How theoretical moments are calculated?

My code is as follows.

var y R pi z deltaq y_bar y_star deltae pi_star pih mc RDM PIDM ;
 
 
varexo epsR epsq epsy_star epspi_star epsz ;
 
parameters tau alfa rhoz kappa rhoR psi1 psi2 rhoq rhoy_star rhopi_star rss;
 
psi1 = 1.746 ;
psi2 = 0.536 ;
rhoR = 0.833 ;

alfa = 0.174 ;
rss = 2.545 ;
kappa = 1.055 ;
tau = 0.454 ;

rhoq = 0.274 ;
rhoz = 0.105 ;
rhopi_star = 0.437 ;
rhoy_star = 0.915 ;

sigma_q = 2.092 ;
sigma_z = 1.211 ;
sigma_ps = 2.779 ;
sigma_ys = 0.816 ;
sigma_r = 0.148 ;
 
 
 
model(linear);
 
// 1. IS-equation
y-y_bar = y(+1)-y_bar(+1)-(tau+alfa*(2-alfa)*(1-tau))*(R-pih(+1)-z(+1)) ; 
 
// 2. Natural Level of Output
y_bar=-(alfa*(2-alfa)*(1-tau))/tau*y_star;
 
// 3. Philips Curve
pih = exp(-rss/400)*pih(+1) + kappa*mc ;  
 
// 4. Marginal Cost
mc = (1/(tau+alfa*(2-alfa)*(1-tau)))*(y-y_bar) ; 
 
// 5. Relationship between CPI and PPI
pi = pih-alfa*deltaq ; 
 
// 6. Exchange rate
pi=deltae+(1-alfa)*deltaq+pi_star;
 
// 7. Monetary Policy Rule 1(a) : Baseline
R=rhoR*R(-1)+(1-rhoR)*(psi1*pi+psi2*y)+epsR; 
 
// 8. Terms of Trade
deltaq=rhoq*deltaq(-1)+epsq;
 
// 9. Technology Difference
z=rhoz*z(-1)+epsz;
 
// 10. Foreign Output
y_star=rhoy_star*y_star(-1)+epsy_star;
 
// 11. Foreign Inflation
pi_star=rhopi_star*pi_star(-1)+epspi_star;
 
PIDM = 4*pi ; 
RDM = 4*R ; 
 
 
end;
 
steady;
check;
 
shocks ; 
var epsq = sigma_q^2 ;
 
end ;
 
stoch_simul(irf=20,nograph) ;

Running the mod file above, I can see theoretical moments.
However, I do not understand how these results are computed.

In my understanding, theoretical variance is computed by

oo_.dr.ghu*[Covariance matrix of exogenous shock]oo_.dr.ghu + oo_.dr.ghuoo_.dr.ghu’

Is this right?

Almost. Please see [What are "theoretical moments" referring to?) and get back if you have additional questions.

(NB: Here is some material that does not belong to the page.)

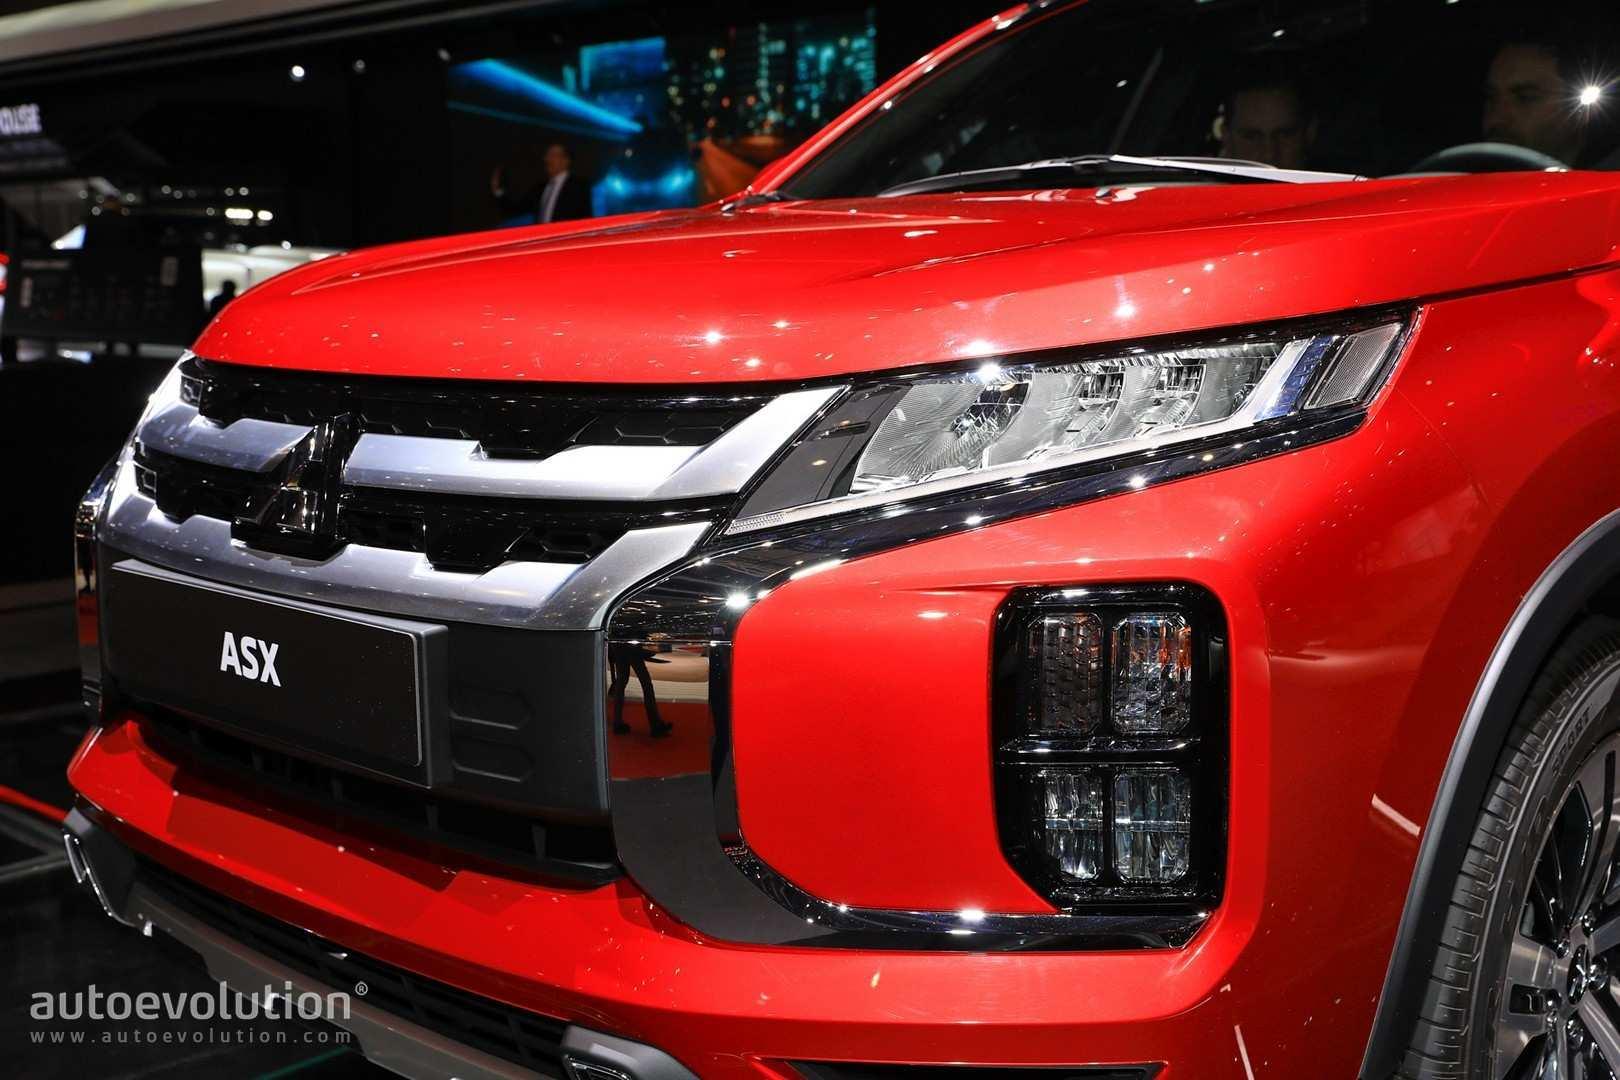 65 Concept of Mitsubishi Asx 2020 Uk Redesign and Concept for Mitsubishi Asx 2020 Uk

The formula above is wrong.
In my understanding, it has to be changed as follows.

Let
X_t = A vector of all model variables
and
S_t_1 = A vector of predetermined state variables
and
U_t = A vector of exogenous shocks

Also,
Let oo_.dr.ghx = A and oo_.dr.ghu = C

dynare results is nothing but

X_t = A * S_t_1 + C * U_t

Now, unconditional variance of X_t is

A * Var[S_t_1] * A’ + C * Var[U_t] * C’

Since Var[U_t] is the covariance matrix (Sigma) of which each diagonal elements are those I assigned as magnitudes of shocks in the model,
above can be written as

A * Var[S_t_1] * A’ + C * Sigma * C’

However, I do not know how to handle Var[S_t_1].
If I replace Var[S_t_1] with Sigma as well,
computed theoretical variances are slightly more than those displayed in dynare results.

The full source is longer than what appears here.